Tuesday, July 24, 2012



HAVANA, Cuba (AP) — Cuban activist Oswaldo Paya, who spent decades speaking out against the communist government of Fidel and Raul Castro and became one of the most powerful voices of dissent against their half-century rule, died Sunday in a car crash, fellow dissidents said. He was 60.

Elizardo Sanchez, a human rights advocate on the island and de facto spokesperson for Cuba's small opposition, said he confirmed Paya's death with his associates in the city of Bayamo, 500 miles (800 kilometres) east of the capital.

"It was an accident early in the afternoon," Sanchez said.

Paya, who drew strength from his Roman Catholic roots as he pressed for change in his homeland, continued to voice his opposition after Fidel resigned due to illness in early 2008, calling the passing of the presidency to younger brother Raul a disappointment.

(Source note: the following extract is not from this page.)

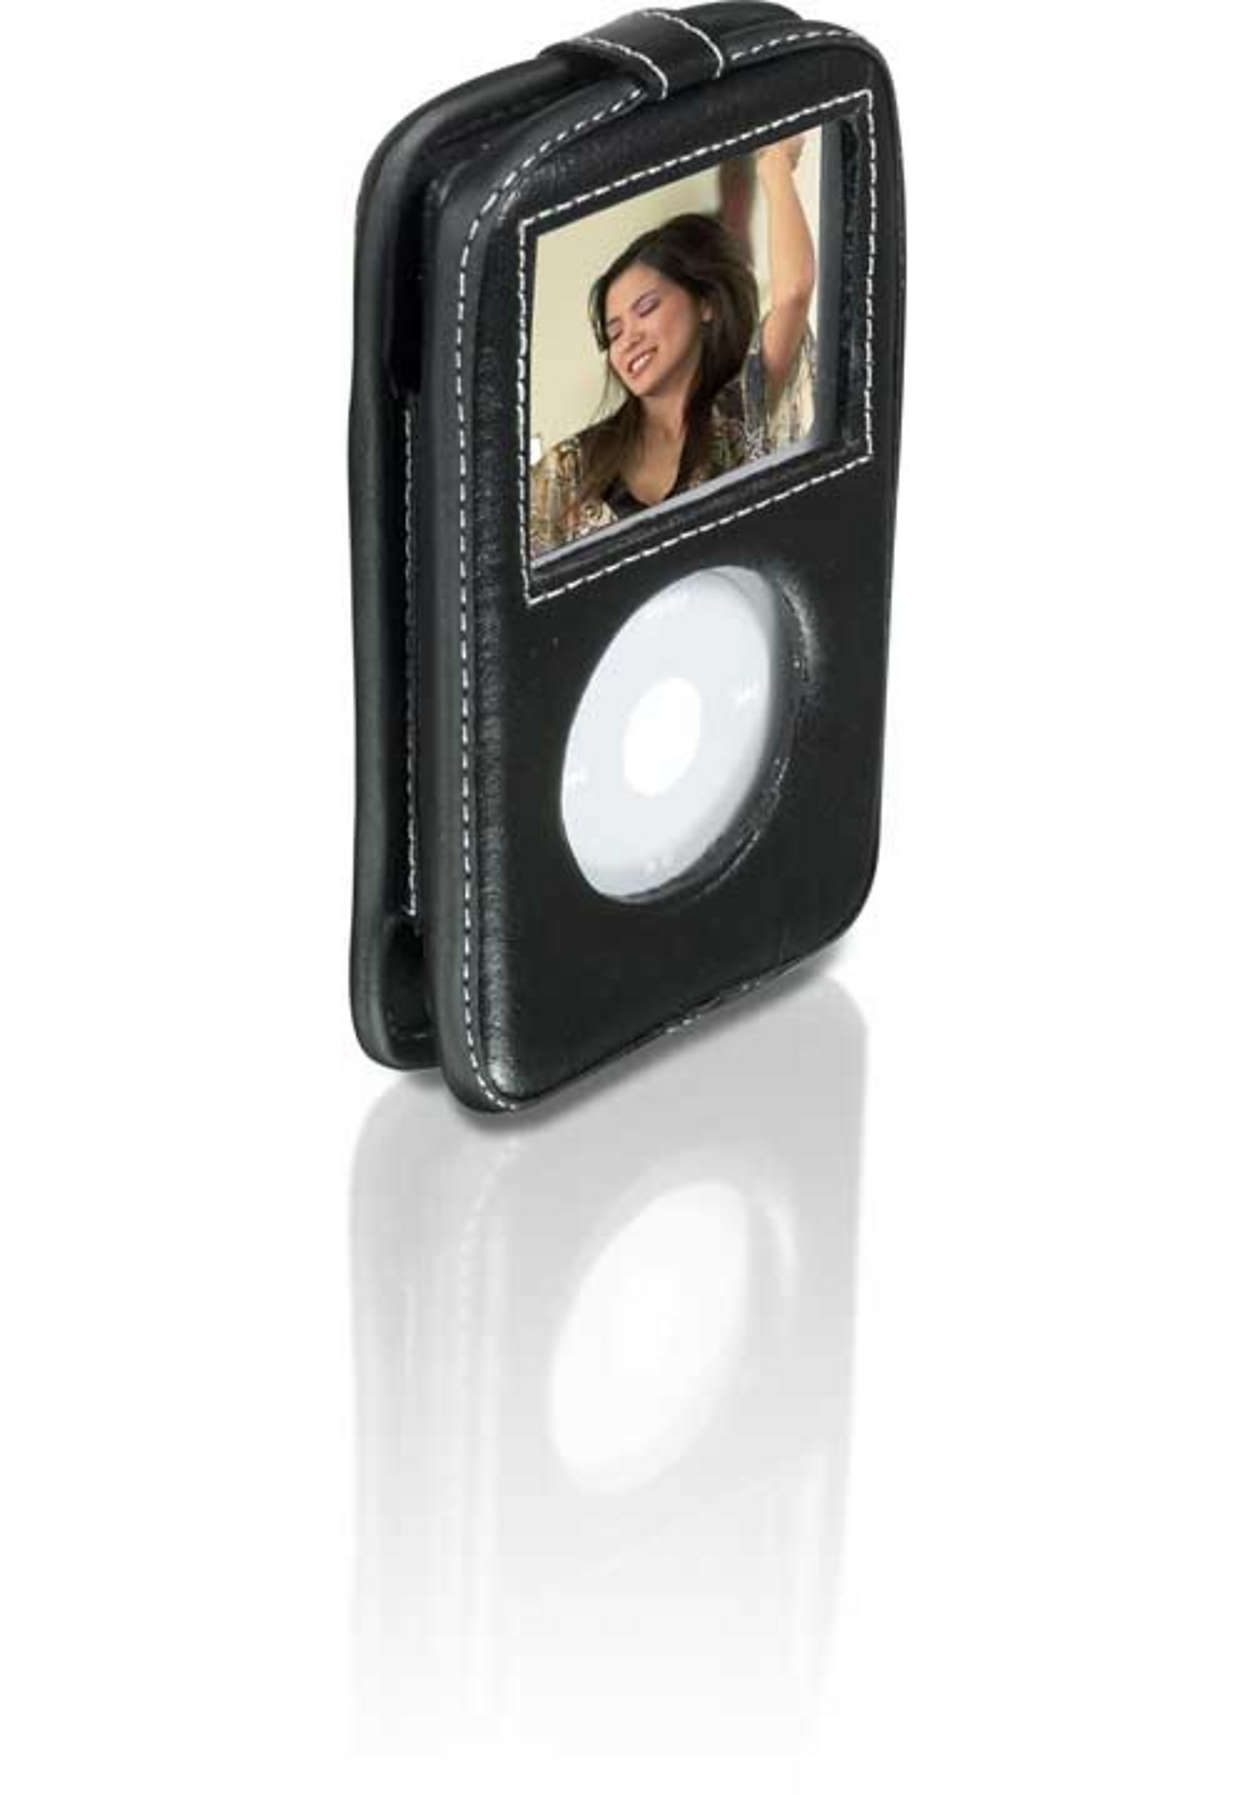 Beskyt din iPod med stil

"The driving force of society should be the sovereignty of the people, not the Communist Party," Paya wrote after the new parliament chose Raul Castro as head of state and government. "The people of Cuba want changes that signify liberty, open expression of their civil, political, economic and social rights."

The electrical engineer gained international fame as the top organiser of the Varela Project, a signature gathering drive asking authorities for a referendum on laws to guarantee civil rights such as freedom of speech and assembly.

Shortly before former US President Jimmy Carter's visit to Cuba in May 2002, Paya delivered 11,020 signatures to the island's parliament seeking that initiative. He later delivered a second batch of petitions containing more than 14,000 signatures to the National Assembly, Cuba's parliament, posing a renewed challenge to the island's socialist system.

The Varela Project was seen as the biggest non-violent campaign to change the system the elder Castro established after the 1959 Cuban revolution.

The government set aside the first batch of signatures and launched its own, successful petition drive to enshrine the island's socialist system as "irrevocable" in the Cuban constitution.

Paya continued his efforts, saying it was more important to mobilise Cubans to demand human rights than to win government acceptance of the project. However, his influence waned notably in his final years as younger activists and bloggers like Yoani Sanchez gained international headlines.